其次,面向对象的方法可能会产生更清晰的代码。
我还应该提到,出于许可原因,我无法使用 JVM 附带的库以外的任何库。
Does anyone know how to generate an HTMLDocument object programmatically in Java without resorting to generating a String externally and then using HTMLEditorKit#read to parse it? Two reasons I ask:
Firstly my HTML generation routine needs to be very fast and I assume that parsing a string into an internal model is more costly than directly constructing this model.
Secondly, an object-oriented approach would likely result in cleaner code.
I should also mention that, for licensing reasons, I can't resort to using any libraries other than those shipped with the JVM.

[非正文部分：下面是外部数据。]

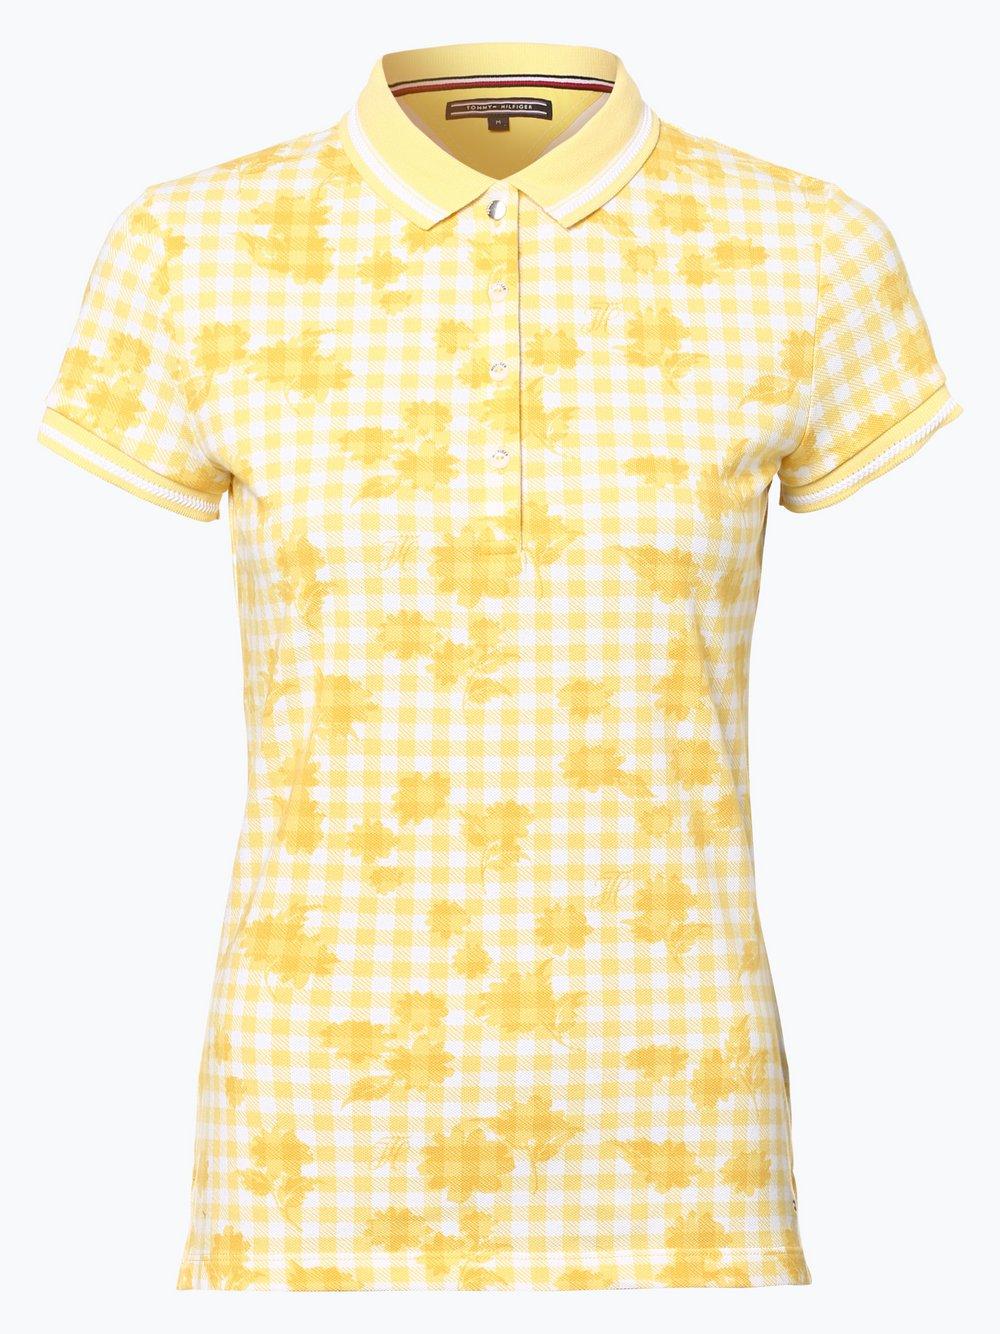 best service e8cf5 981c1 Tommy Hilfiger Damen Poloshirt - New Chiara online kaufen ...

如果你对这篇内容有疑问,欢迎到本站社区发帖提问 参与讨论,获取更多帮助,或者扫码二维码加入 Web 技术交流群。
绑定邮箱获取回复消息
由于您还没有绑定你的真实邮箱,如果其他用户或者作者回复了您的评论,将不能在第一时间通知您!
发布评论
评论(9)
一种面向对象的方法是使用名为 ECS 的库。
这是一个非常简单的库,并且已经很长时间没有改变了。 话又说回来,HTML 4.01 规范也没有改变;)我使用过 ECS,并认为它比仅使用 Strings 或 StringBuffers/StringBuilders 生成大型 HTML 片段要好得多。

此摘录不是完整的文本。